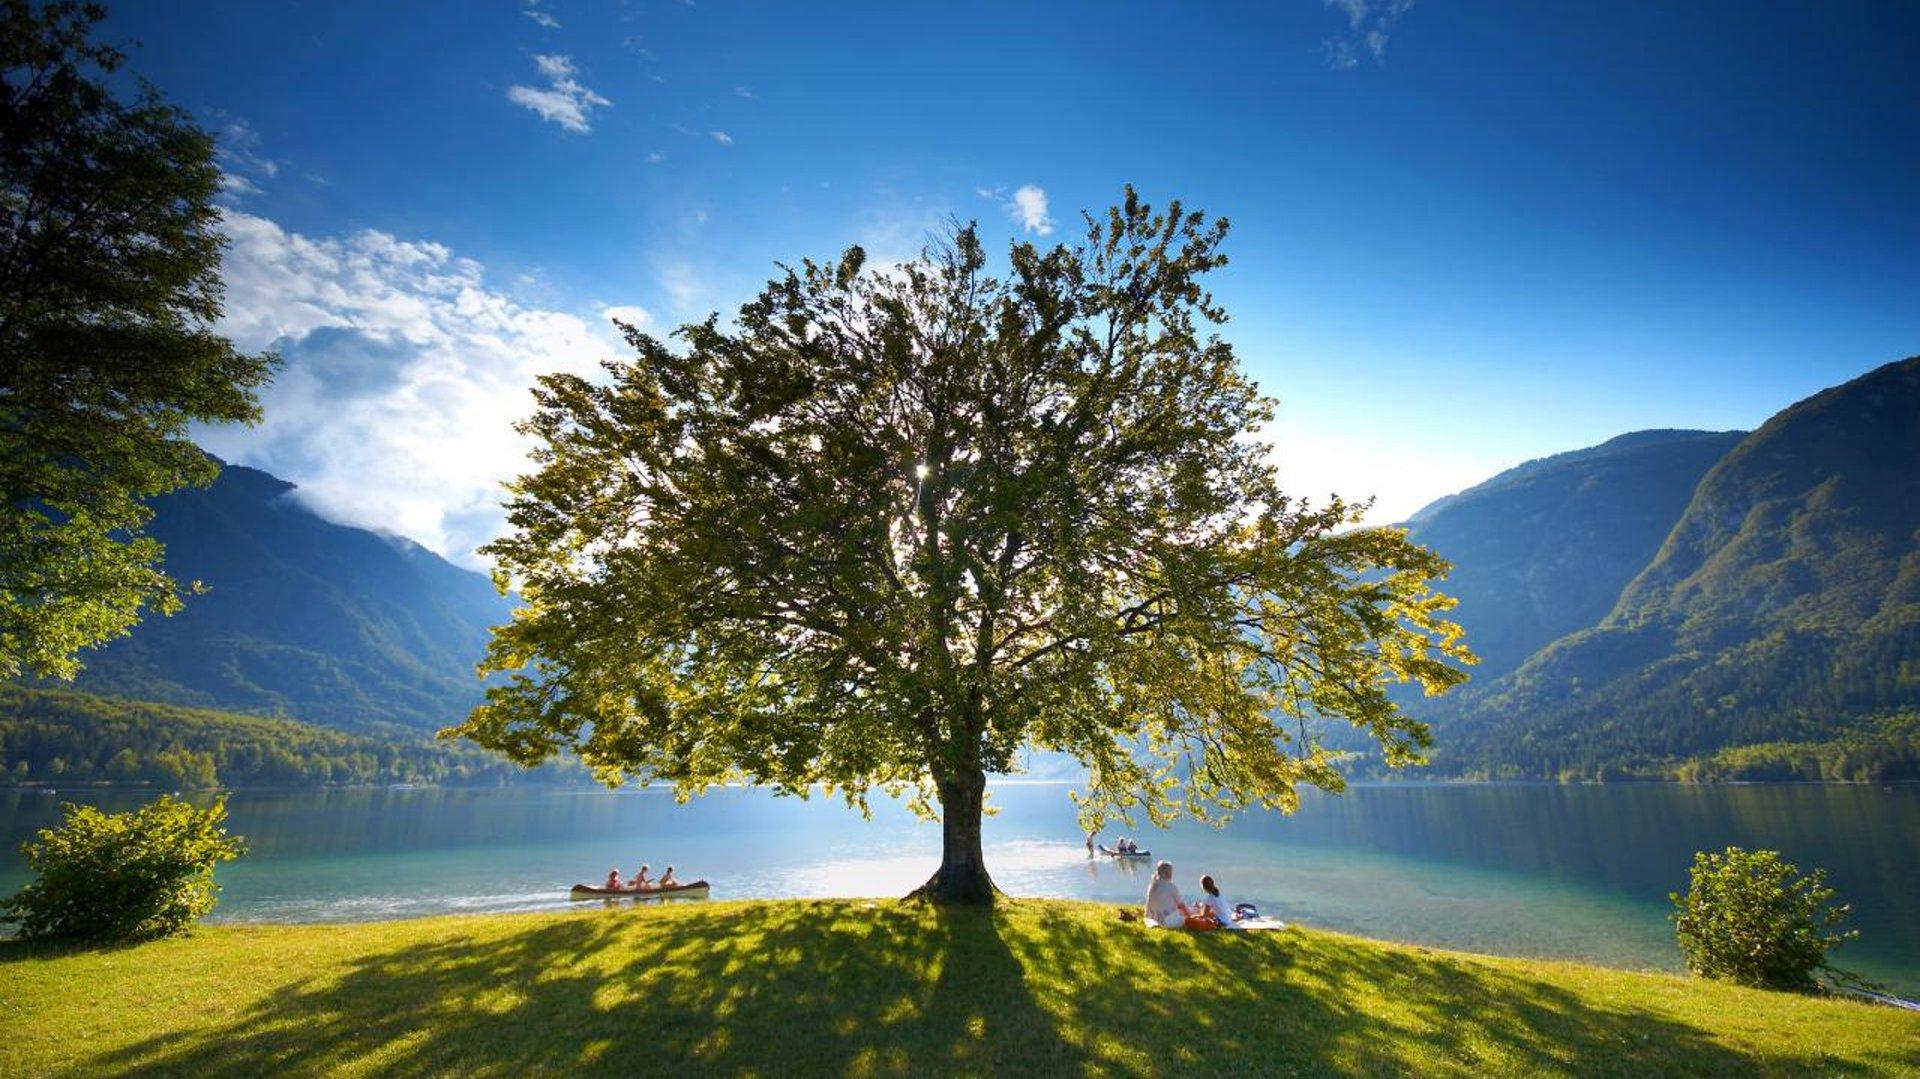 Lake Bohinj - day trips from Ljubljana
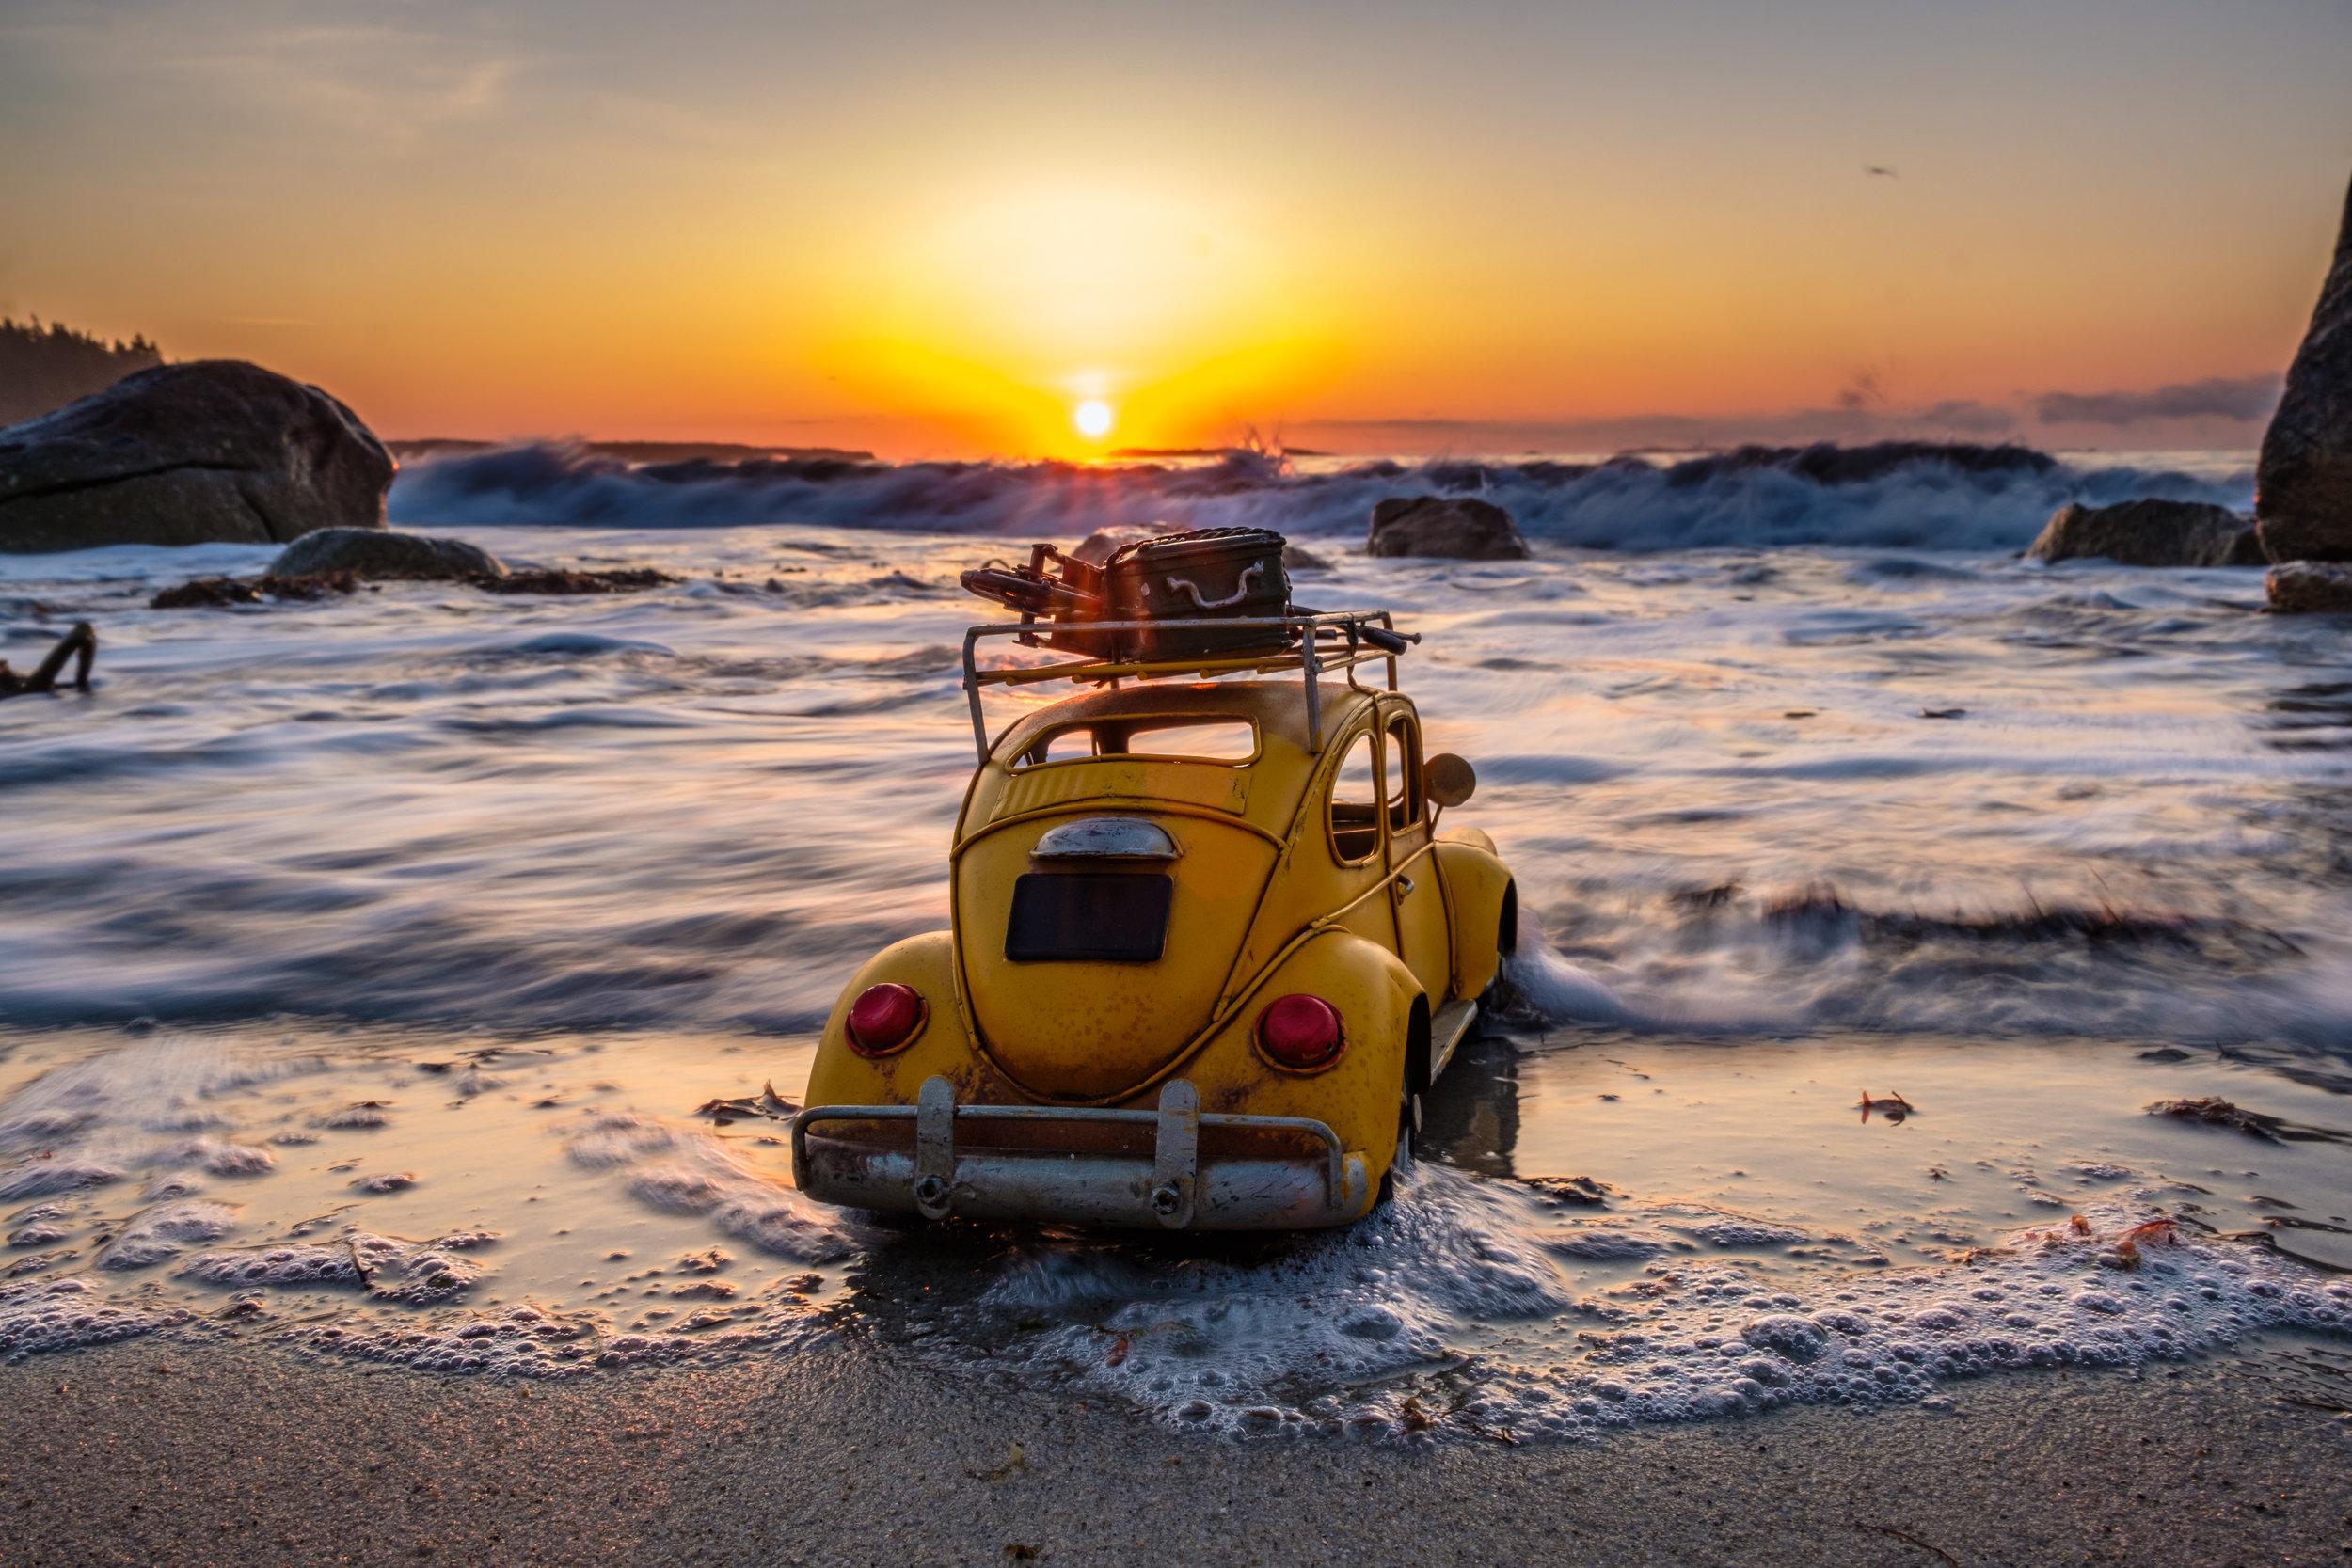 VDub_Willie, Crystal Crescent Beach, Nova Scotia
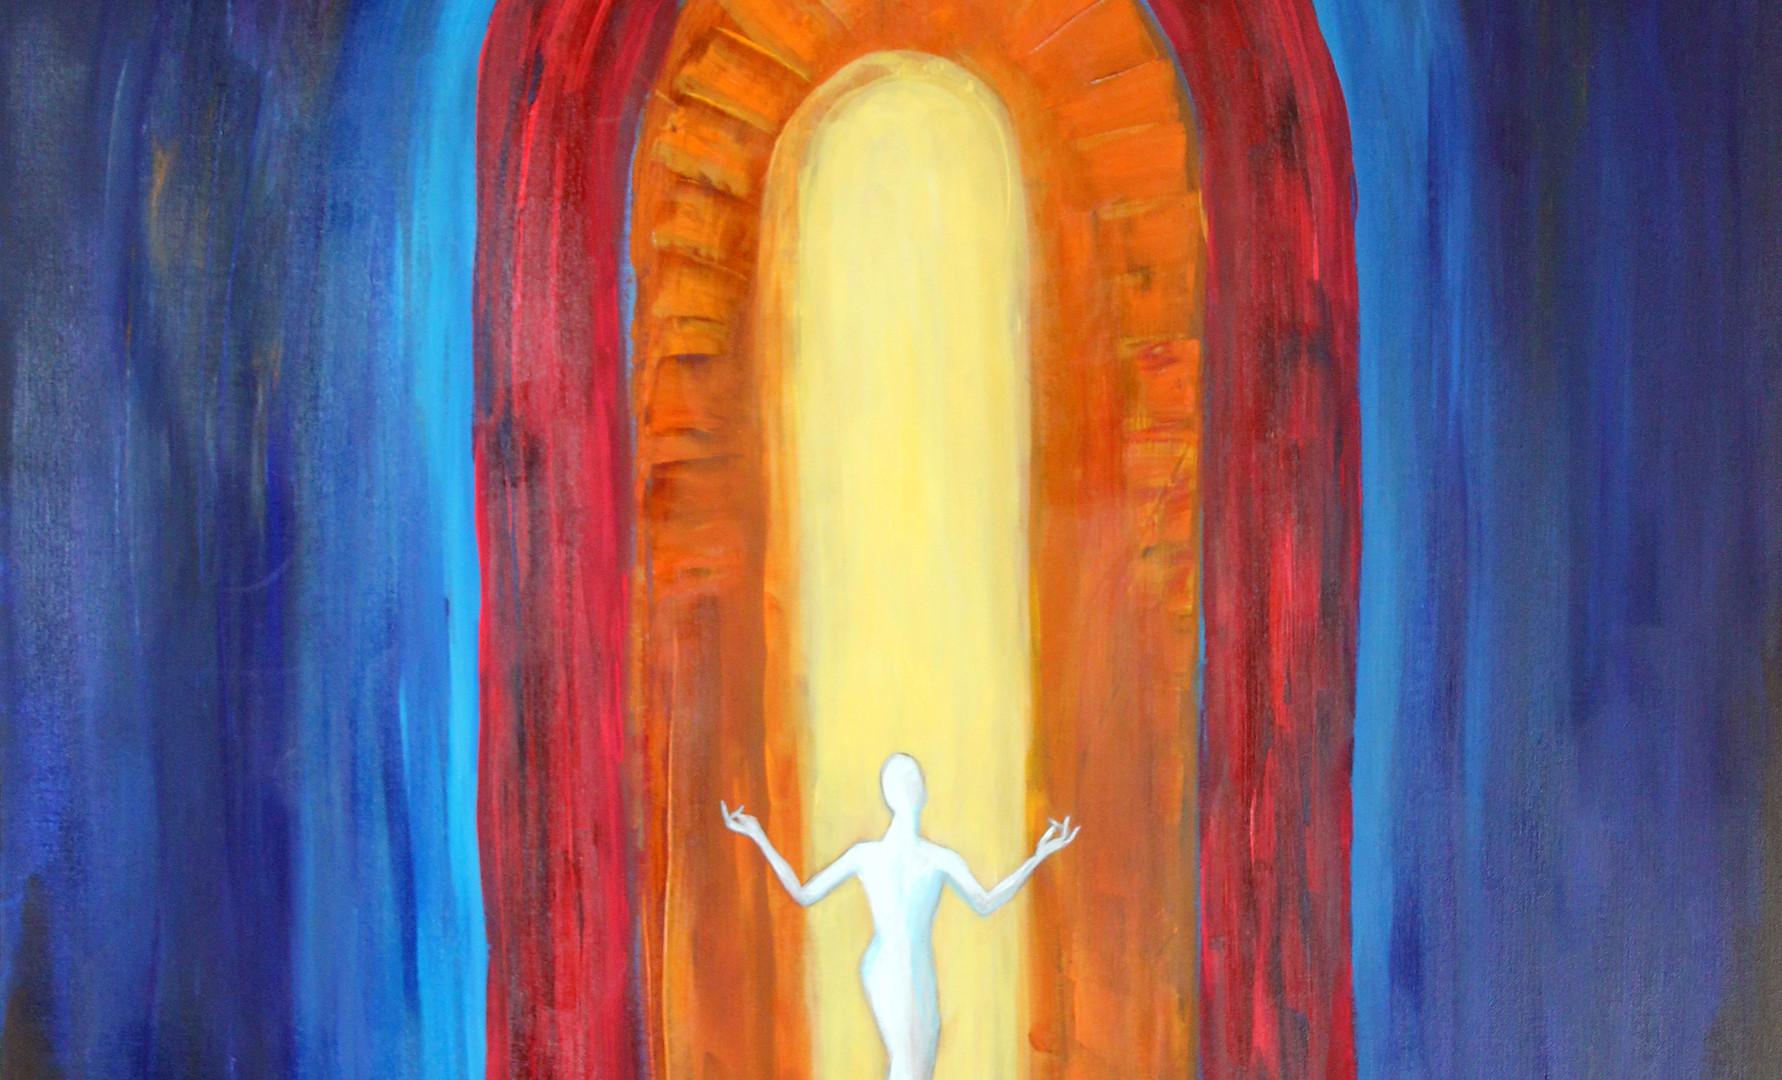 Corridors Of Life

Problem: Your copy should match the data above exactly, apart from the pictures.

Task output:
 Lake Bohinj - day trips from Ljubljana
 VDub_Willie, Crystal Crescent Beach, Nova Scotia
 Corridors Of Life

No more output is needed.